You're thinking about prediction as the results of a calculation. For example, scientists plug a number of factors into a carefully crafted computer program and determine how to send a spacecraft to a soft landing on Eros. Their calculations predict precisely what will happen.
Even though this isn't the sense in which Schrafinator was using the word prediction, the ToE does make quantitative predictions. In fact, it was the close agreement of the calculations (predictions in the way that you're using the term) of the mathematical science of population genetics with experiment and field observations that confirmed what we know today as the Modern Synthesis. Clearly there are aspects of the ToE that make quantitative predictions.

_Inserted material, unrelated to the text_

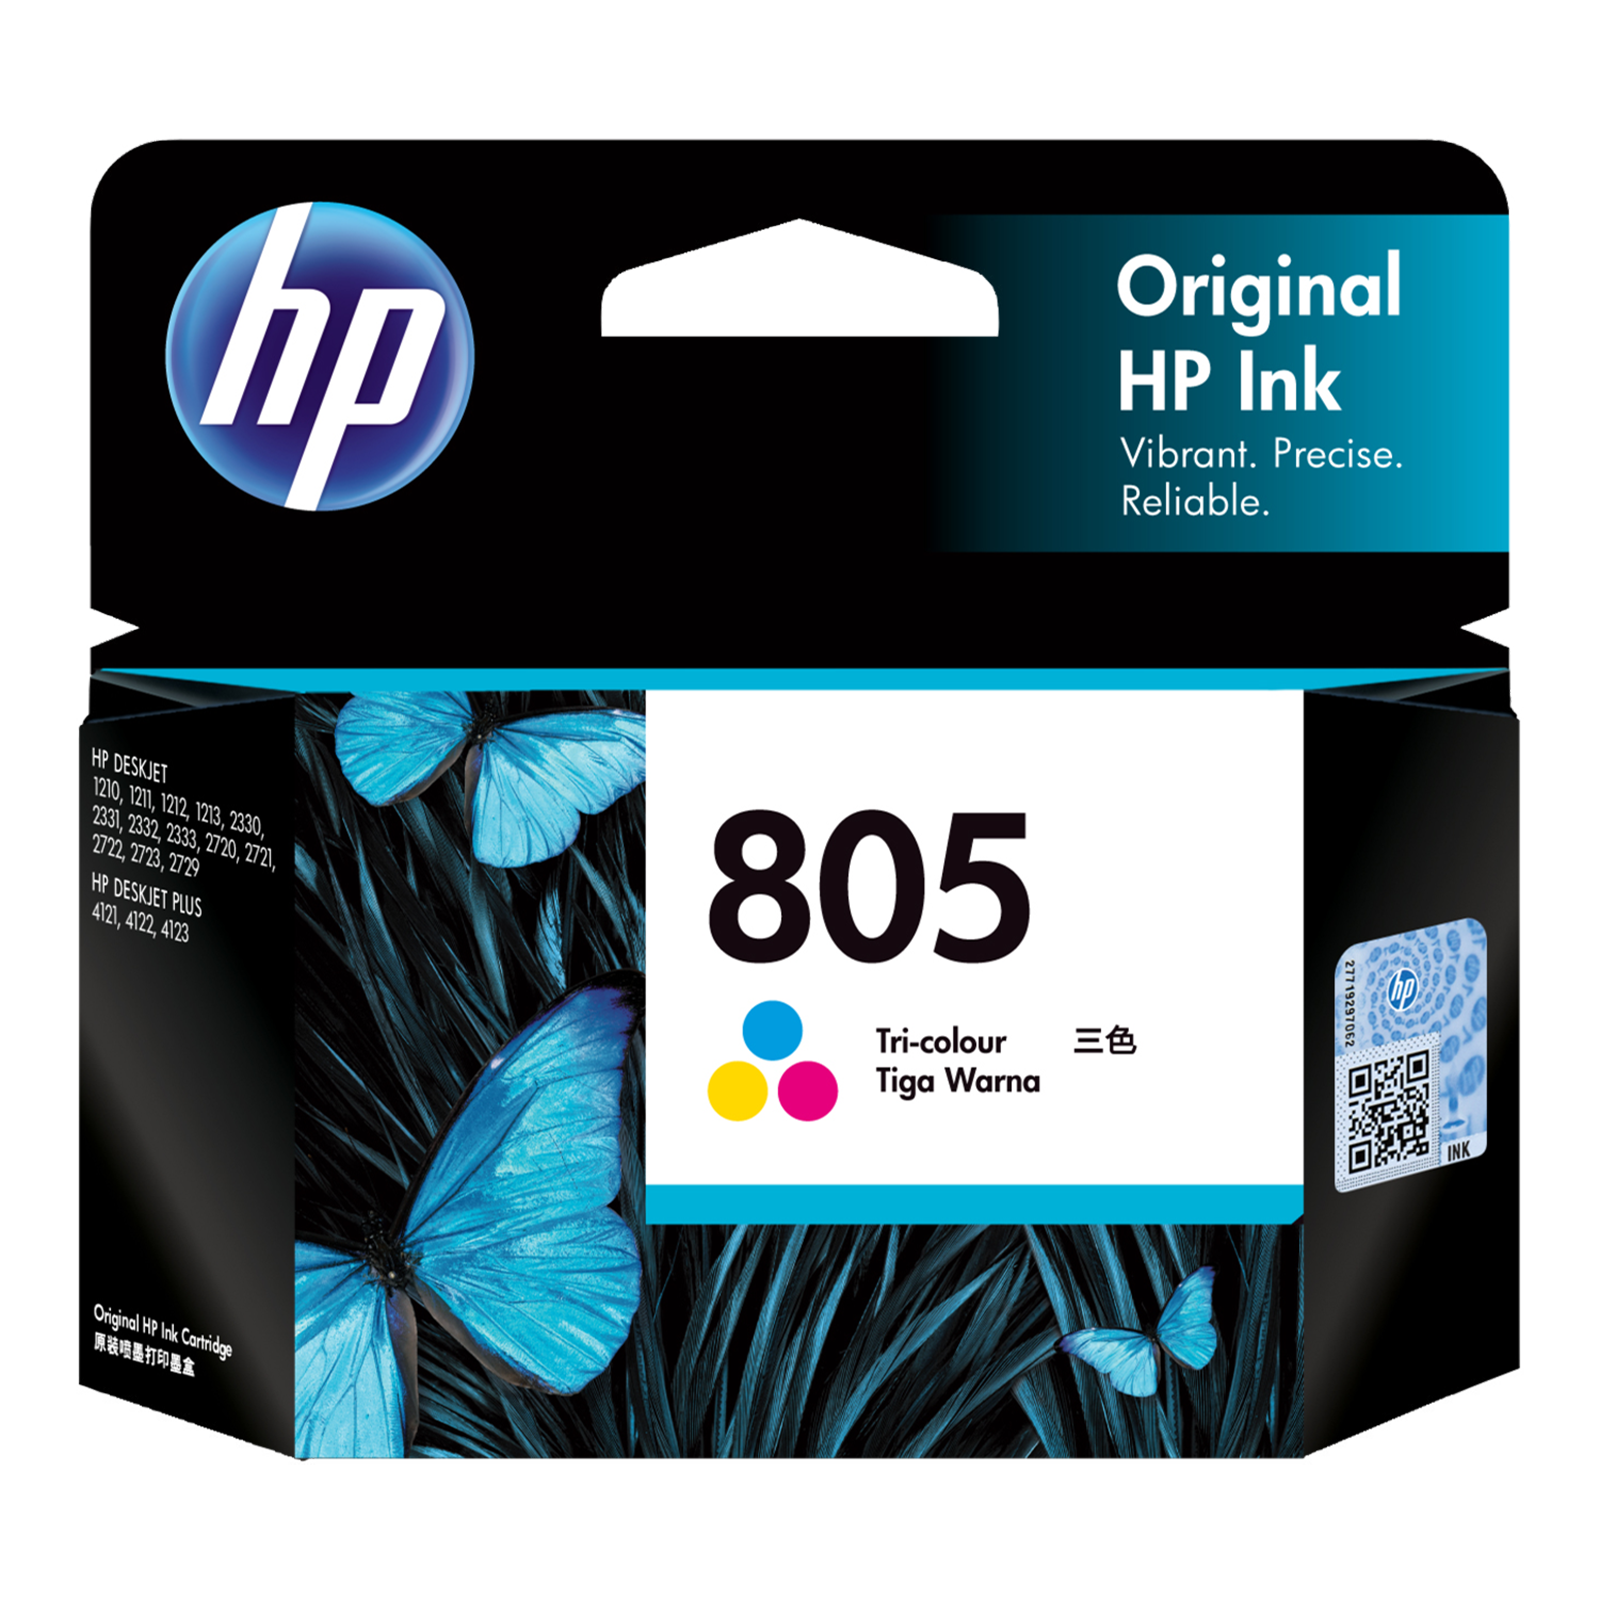 HP 805 Original Pack of 1 Ink Cartridge (3YM72AA, Tri-Colour)_1

But the sense in which Schrafinator was using prediction referred to the future research discoveries scientists can expect to make. Current theory is a guide to fruitful avenues of research in all areas of scientific endeavor. Scientists could, for example, say, "If the ToE is correct, then I should expect to find that deeper geological layers contain older fossil remains." That's a prediction that the ToE makes, and as things turned out it has been confirmed countless times.
Scientists might also say, "If the ToE is correct, then the hierarchy of organisms by morphology should correspond to that of DNA." And this is what scientists have much more recently verified to be true.
So you see, Schrafinator's comment was accurate on both counts. The ToE makes not only quantitative predictions, but also theoretical predictions.